In the final scene when Catlan is crushed by the Dallas defense (portrayed by Saints players Mike Tilleman, Dave Rowe, and Fred Whittingham), neither Heston nor the producer felt the hit on him was realistic enough, so Heston asked them to cut loose to really make it look authentic. On the second take, the trio slammed the actor to the ground, breaking three of his ribs.

==Reaction==
Number One was a commercial failure, but critical reaction was mixed. In a rave review, Howard Thompson of The New York Times wrote that the film was "consistently engrossing" and "a succinct, stinging and often strong gridiron drama," and called Heston's performance "a brooding, scorching and beautifully disciplined tour de force for the actor," adding that, "[i]f Heston could have been better, we don't know how."

==Production==
Plans for the film were announced in 1966 to be made by the same team as The War Lover.

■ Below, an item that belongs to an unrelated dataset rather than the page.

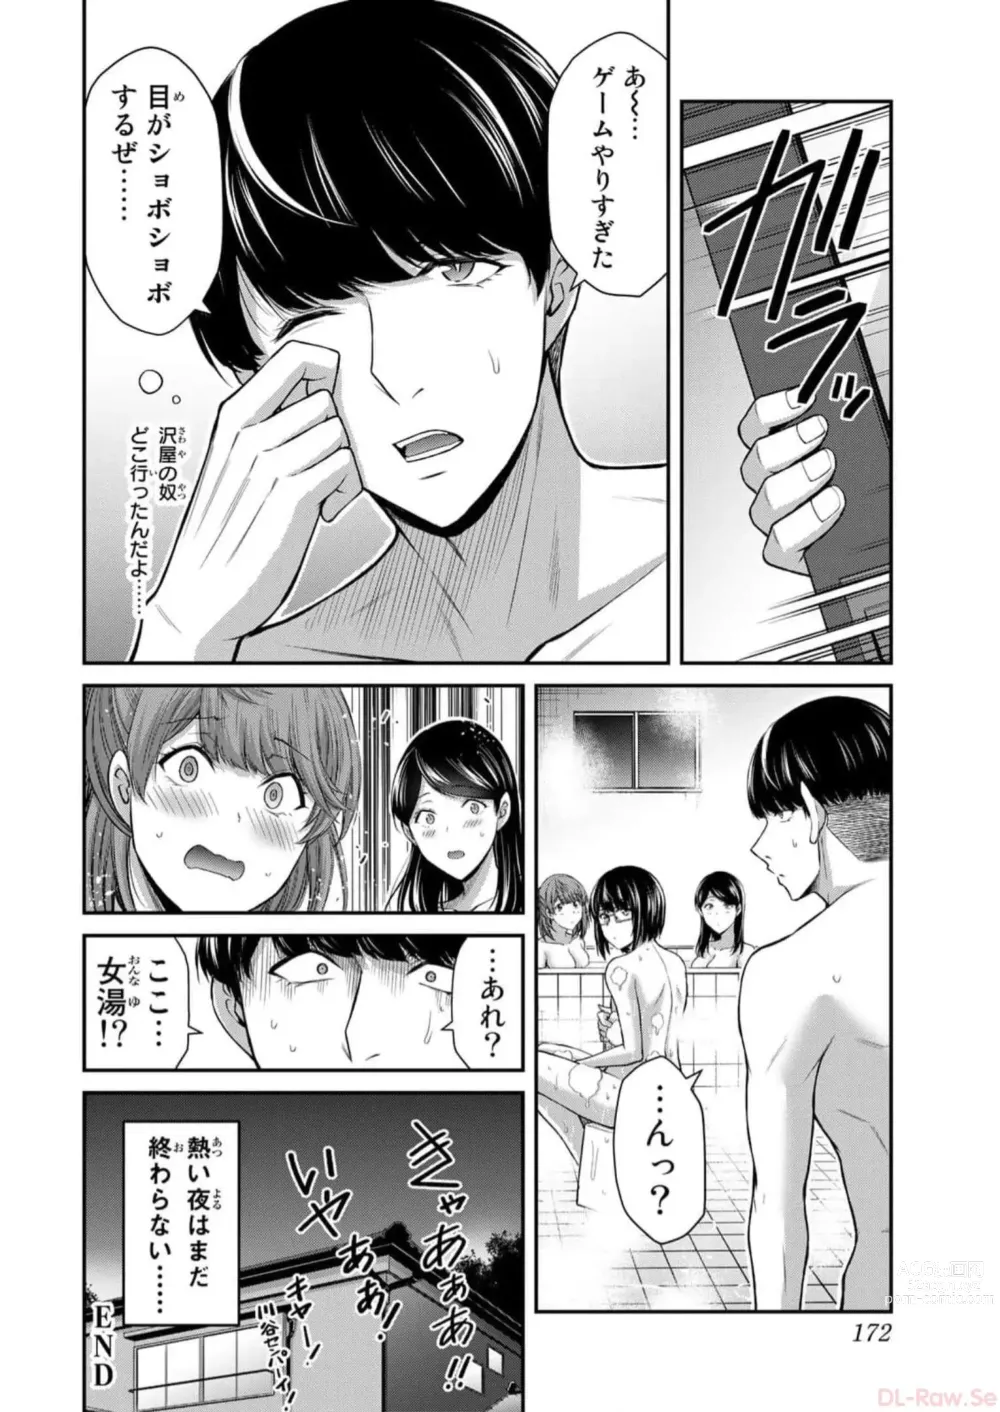 Page 382 of doujinshi Guilty Circle

The National Football League permitted the New Orleans Saints' name and jerseys to be used as opposed to many football films featuring professional teams with fictional names. However, this led to historical inaccuracies in the film, particularly in flashbacks of Catlan's career. One flashback scene shows Catlan's first game as a rookie for the Saints in what would've been the early 1950s; however, the Saints were founded in 1966 and began play the following season. Another flashback shows Catlan's and the team's celebrating a championship victory; however, the Saints did not win a championship at any point before the film was shot (or indeed, for several decades afterwards, their first title coming in 2010 (2009 season) at Super Bowl XLIV, more than 40 years after the film was made).

The music was composed by Dominic Frontiere, future husband of Los Angeles Rams owner Georgia Frontiere.

Number One was released on VHS in the early 1980s, but was quickly deleted; MGM released the film on DVD on November 12, 2015.